Panel Paper:
Public Health Insurance, Health Status, and Retirement Decisions
*Names in bold indicate Presenter
In this paper, we examine the behavioral effects of increased Medicaid availability in older adulthood on retirement decisions, including employment status, retirement income, and Social Security claiming, which are important determinants of financial security in retirement. We use the natural experiments created by state decisions to expand Medicaid to estimate the effect of expanded public health insurance coverage on retirement decisions in the nationally representative Current Population Survey Annual Social and Economic Supplement (CPS ASEC) and a restricted version of the Medical Expenditure Panel Survey (MEPS). We combine the CPS and MEPS with detailed data we collected on the numerous state expansions of public health insurance that took place from 1996 – 2013. We are able to assess a broad set of retirement-related outcomes including overall labor supply, the decision to retire, and Social Security income. Finally, because the MEPS includes multiple measures of health and function, we are able to examine whether these effects differ across the distribution of health.
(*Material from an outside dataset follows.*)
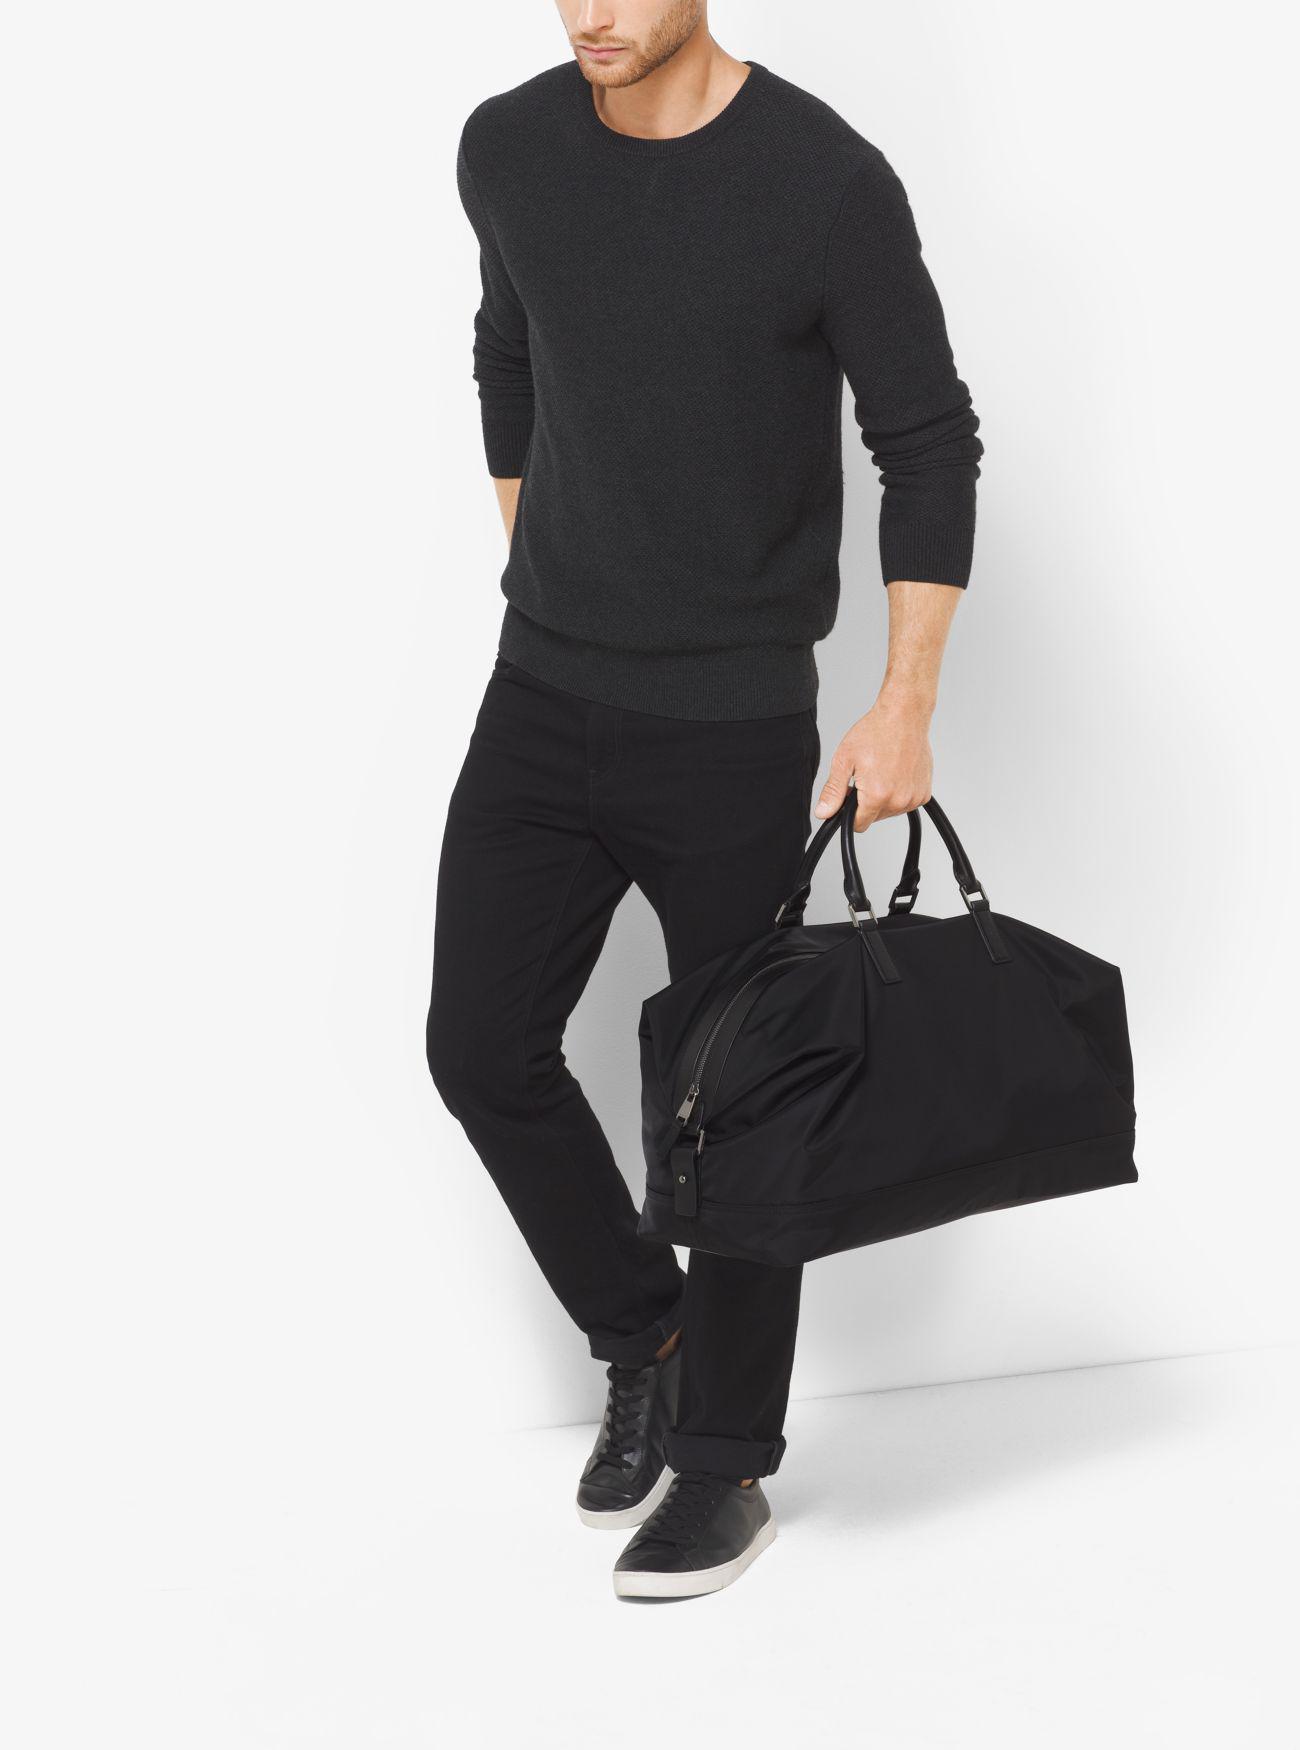 482d7f23e5d8 Lyst - Michael Kors Kent Large Nylon Duffel in Black for Men

Two streams of research support the hypothesis that these Medicaid expansions may influence retirement decisions, Social Security claiming and retirement income. First, recent studies indicate that Medicaid expansions to non-elderly adults without dependent children may cause larger labor supply responses among those close to retirement age (Dague et al., 2017; Garthwaite et al. 2014). Second, a large empirical literature on health insurance and retirement generally finds that the availability of health insurance, independent of employment (e.g., Medicare or retiree health insurance), hastens retirement. Medicaid, like retiree insurance, can bridge the time between leaving work and eligibility for Medicare. This relationship between health insurance and retirement may be particularly salient for Medicaid-eligible adults who have low-incomes and report poor health relative to their privately insured peers.
The long-run financial health of publicly funded retirement benefits like Social Security depends critically on decisions about when and how people retire, and evidence from this study can help inform such crucial policy decisions.